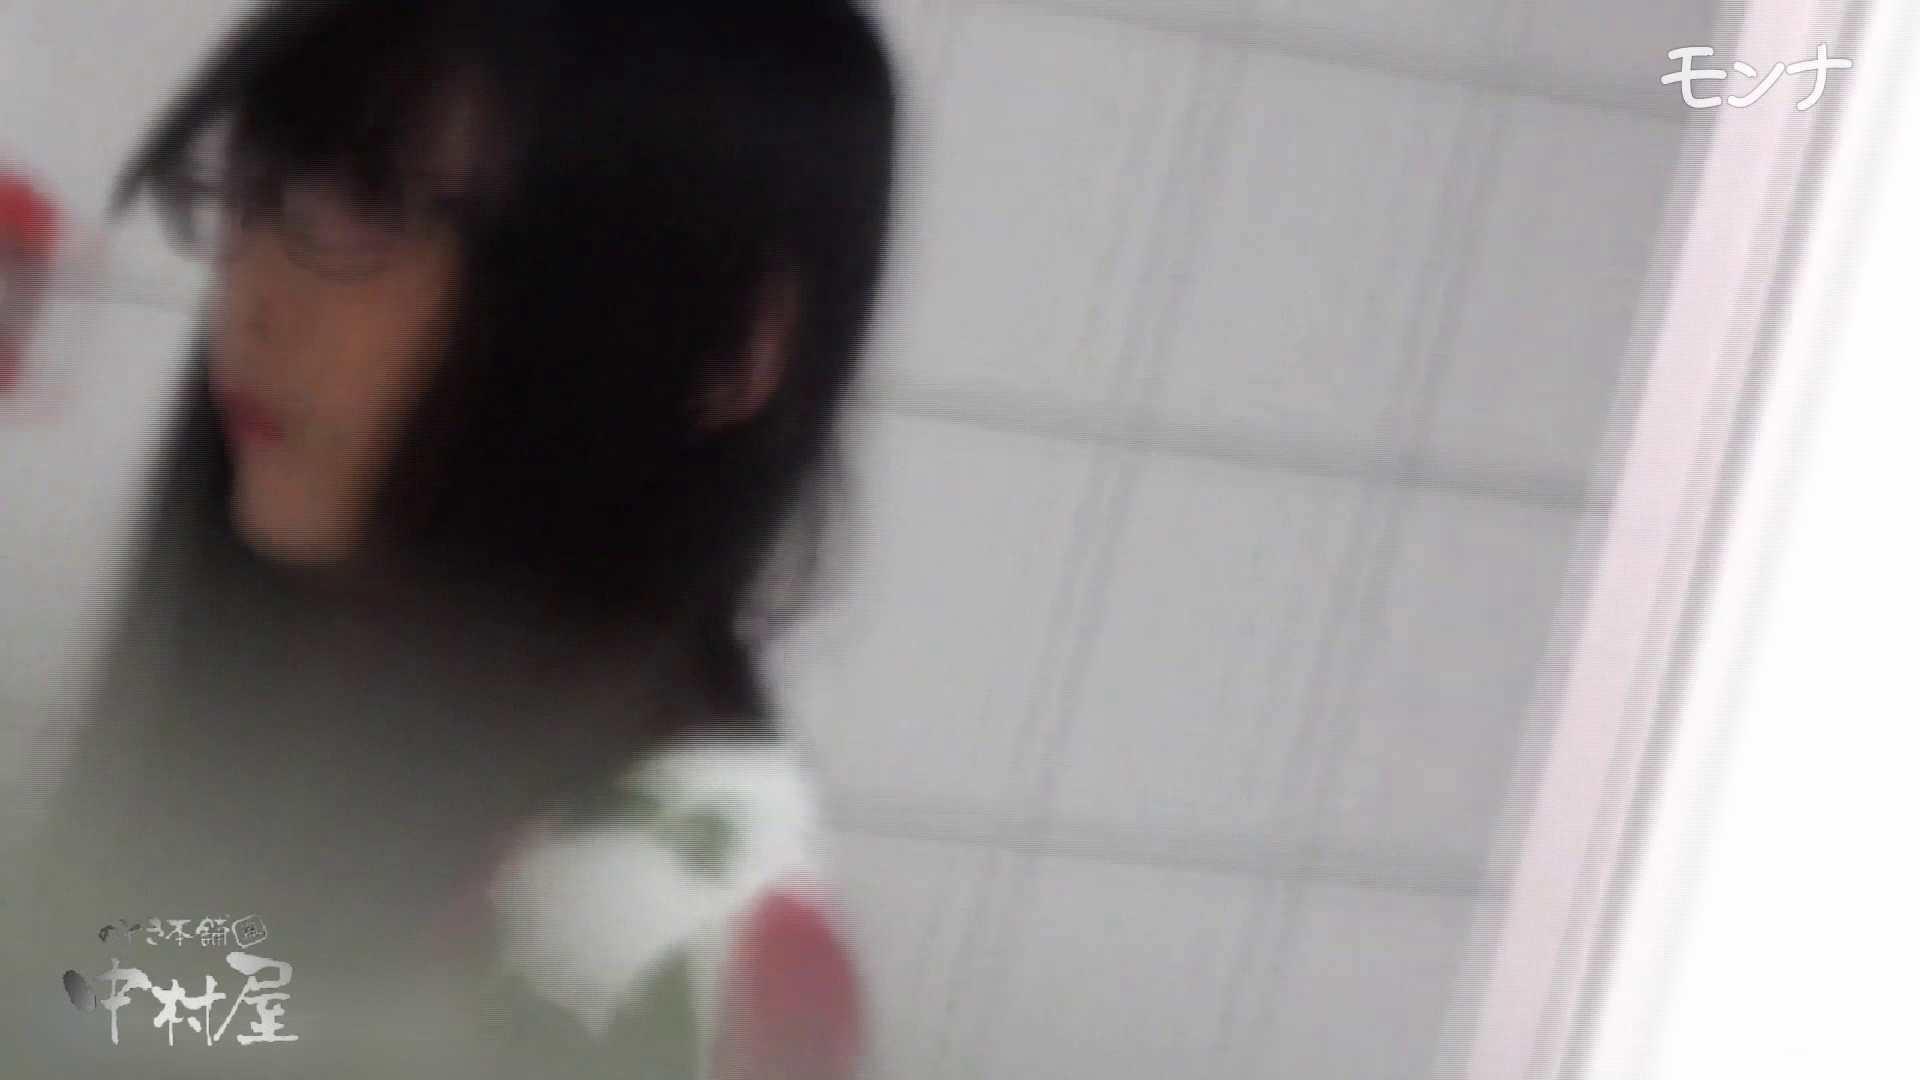 美しい日本の未来 No.57 見やすい拭き方に感謝です。その3 おまんこ見放題  99PIX 8
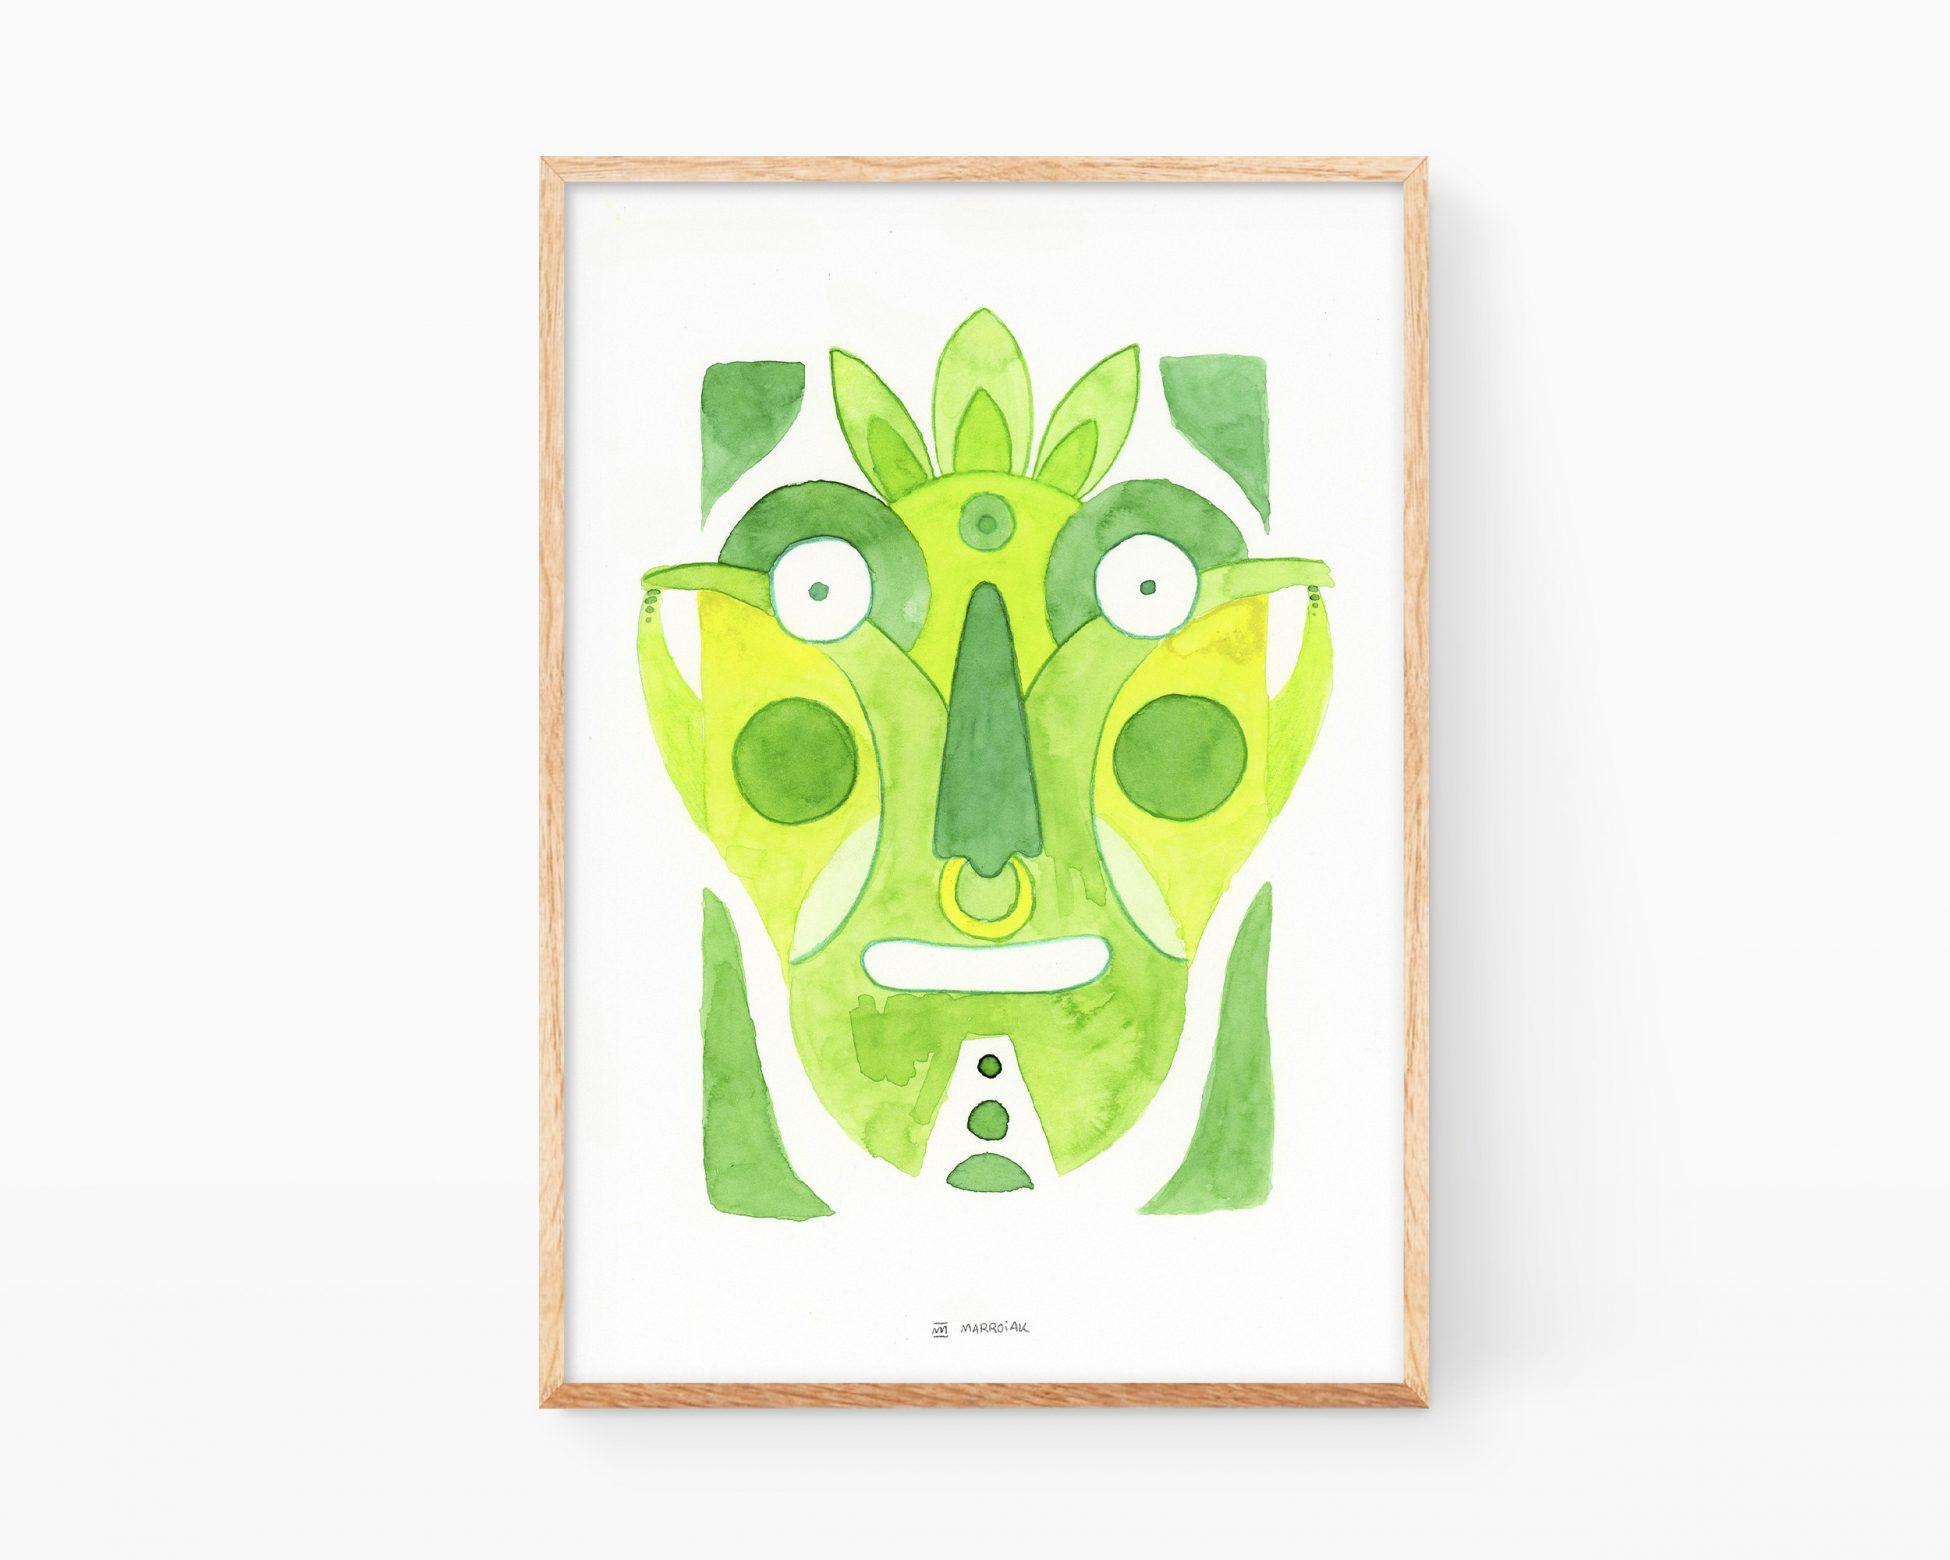 Cuadro para enmarcar decorativo con una pintura en acuarela de una cara semi abstracta. Color verde vegetal
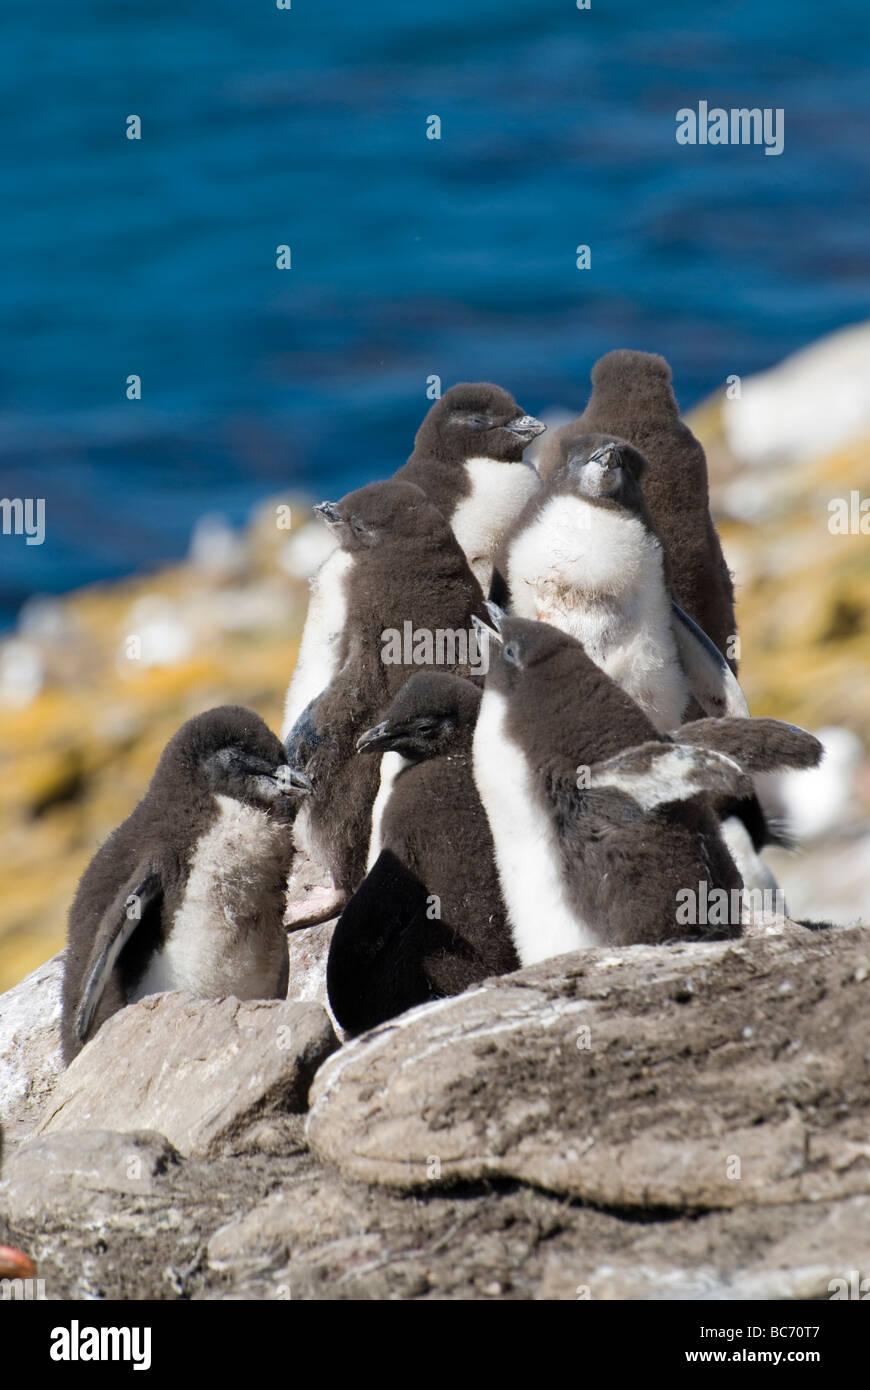 Le Sud Rockhopper Penguin Eudyptes chrysocome, poussins. Aussi connu sous le nom de King Shag, impériale, Le Photo Stock
• • •
Exactly as written, copy out the listing, but without any pictures.

 美しい日本の未来 No.57 見やすい拭き方に感謝です。その3 おまんこ見放題  99PIX 8
 Cuadro para enmarcar decorativo con una pintura en acuarela de una cara semi abstracta. Color verde vegetal
 Le Sud Rockhopper Penguin Eudyptes chrysocome, poussins. Aussi connu sous le nom de King Shag, impériale, Le Photo Stock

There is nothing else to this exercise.